American ambitions for Newcastle sports tech firm

Stephen Chapman's picture
by Stephen Chapman

A sports technology platform, which is being trialled by Premier League clubs and the MMA, is to open its first office in North America.

Okkulo is described as the world’s first athlete training system, which is “scientifically proven” to enhance performance by speeding up perception and reaction times.

According to research from Durham University, athletes have seen a 20% improvement in their perception and reaction times, while professional goalkeepers have had a 64% reduction in the amount of goals they concede over 90 minutes.

Last year the company was recognised as Tech Nation as one of its Rising Stars.

“At the very top level of professional sport, increasingly we are seeing athletes who have peaked physically, utilise technology to find extra improvements to stay one step ahead of their opponents,” explained founder and former independent film maker Mel O’Connor.

“We have spent the last 20 years developing OKKULO and by understanding the science around what is happening behind the eyes and how actions are processed, we have created a system which makes athletes see things quicker. The technology can now be adapted to any sport – whether it involves kicking or catching a ball, swinging a bat, or throwing and defending a punch.”

O’Connor explained that he came up with the idea while looking at light and how it worked through the lens of a camera before exploring how it could be applied in a sporting context.

He said that the system works by helping the brain to create new direct pathways between the colour visual system and the neuromuscular system.

Once inside the OKKULO pod an athlete is exposed to a series of different and changing light levels, in which the intensity and spectrum of the illumination is carefully controlled.

An athlete faced with a fast-moving object, say a baseball or football, under these lighting conditions perceives the object as being delayed” by about an additional 25%” as a result of which they have less time to respond and must speed up their response. After training under these conditions, the system trains the brain to make those new internal pathways. The result is an athlete that sees, thinks and responds faster than before.

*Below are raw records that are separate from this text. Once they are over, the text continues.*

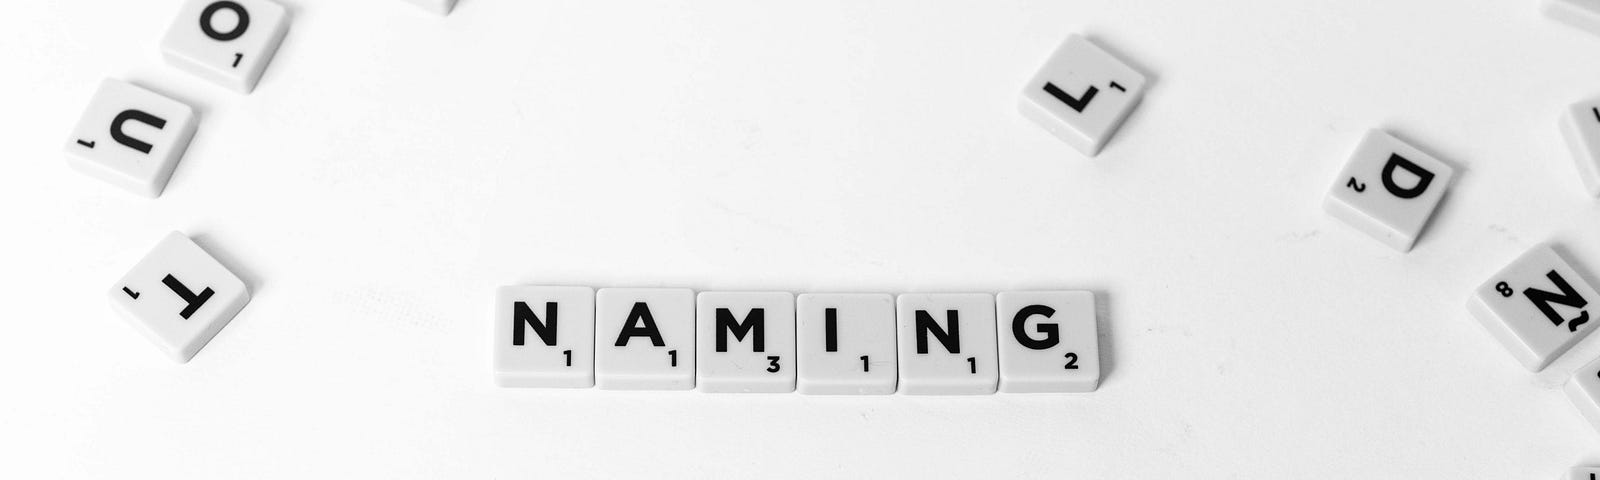 Peças do jogo Scrabble ordenadas de forma que se leia Naming.
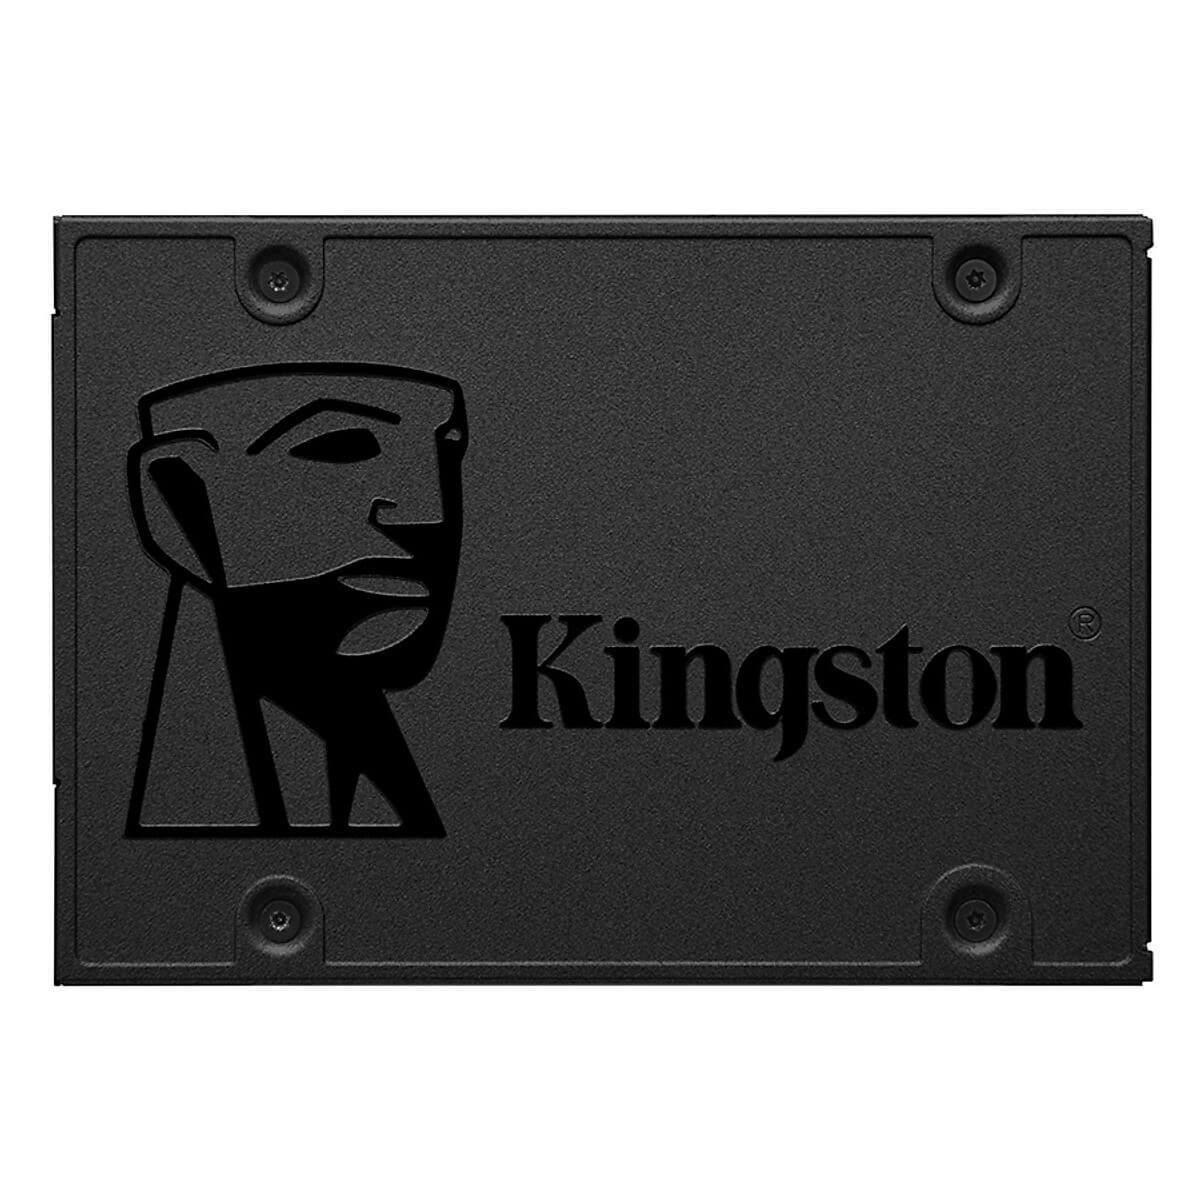 SSD Kingston AQ400,  240G, Bảo hành 36 tháng
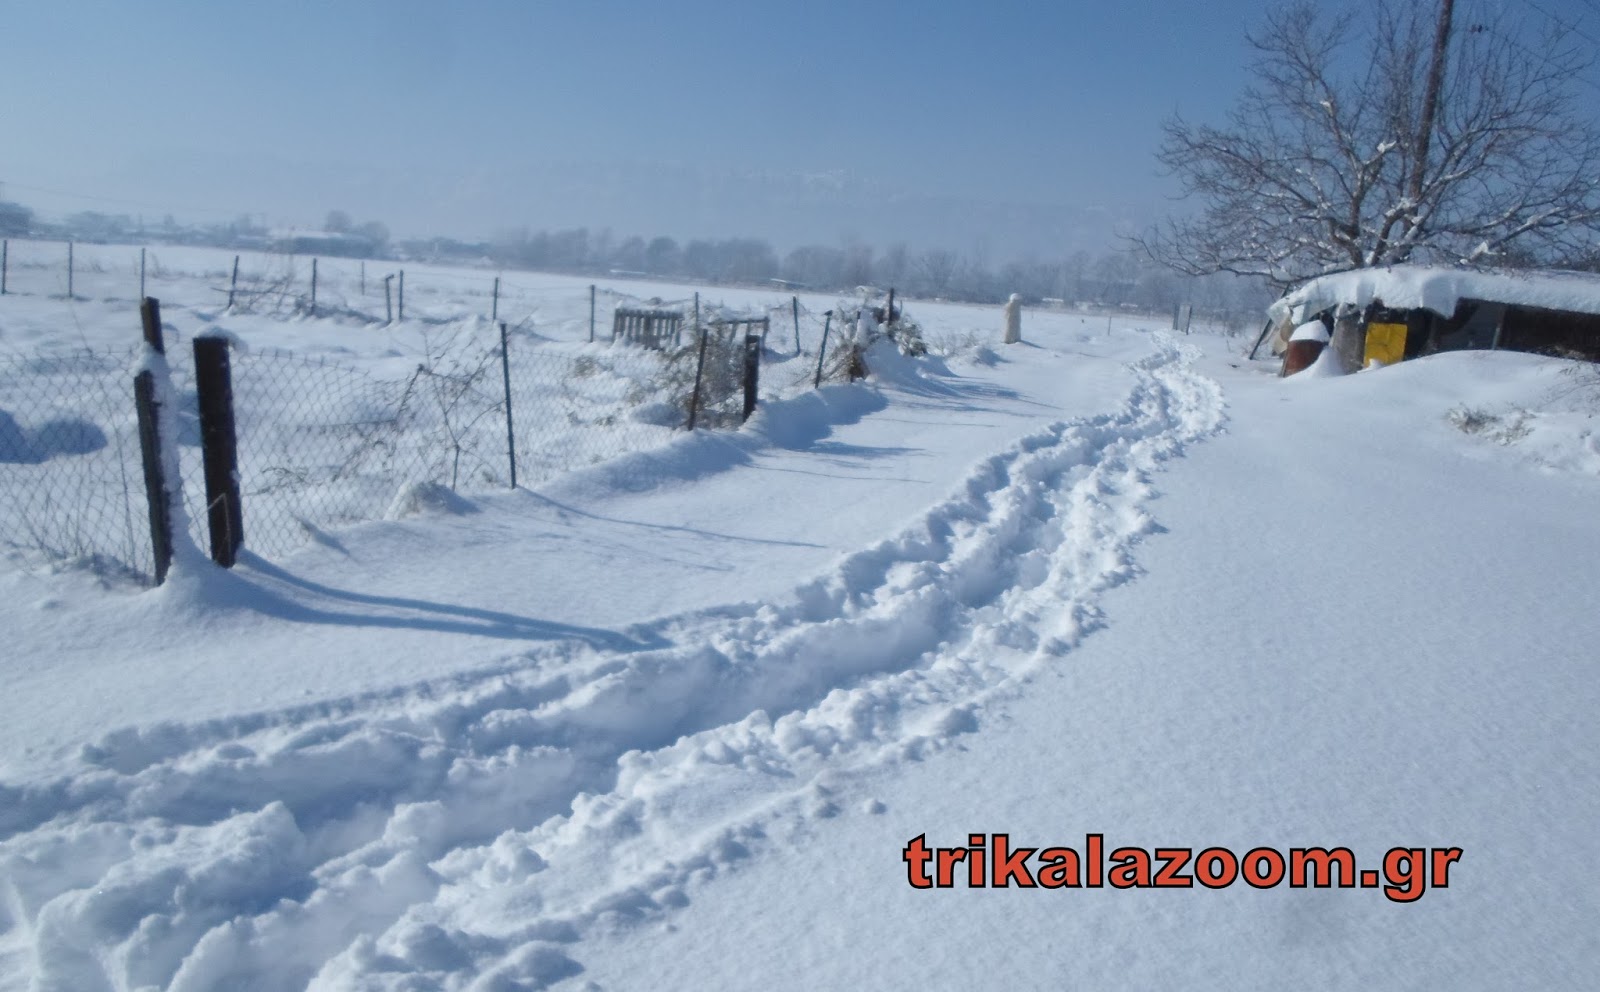 Σκληρή μάχη στα χιόνια δίνουν οι κάτοικοι της Λεπτοκαρυάς Τρικάλων να ταΐσουν τα ζωντανά τους - Φωτογραφία 1

“Research shows that the processing and transmission of visual images speeds up and slows down as the light level goes up and down. Up to a limit, the brighter the light the faster the processing and transmission. This change in speed is a crucial form of what is referred to as “light adaptation”, which is how our visual system regulates itself to operate effectively at different light levels,” added Professor Andrew Stockman at Durham University.

“The human body is such a complex system, but if we start to perceive things differently, then the muscular system changes as a result and then we start to see these nano neuromuscular changes and improvements to performance happening over a very short space of time.”

The company has a research and development facility in Newcastle and is about to set up a temporary operation in Santa Monica, where they’ll be working with American professional athletes.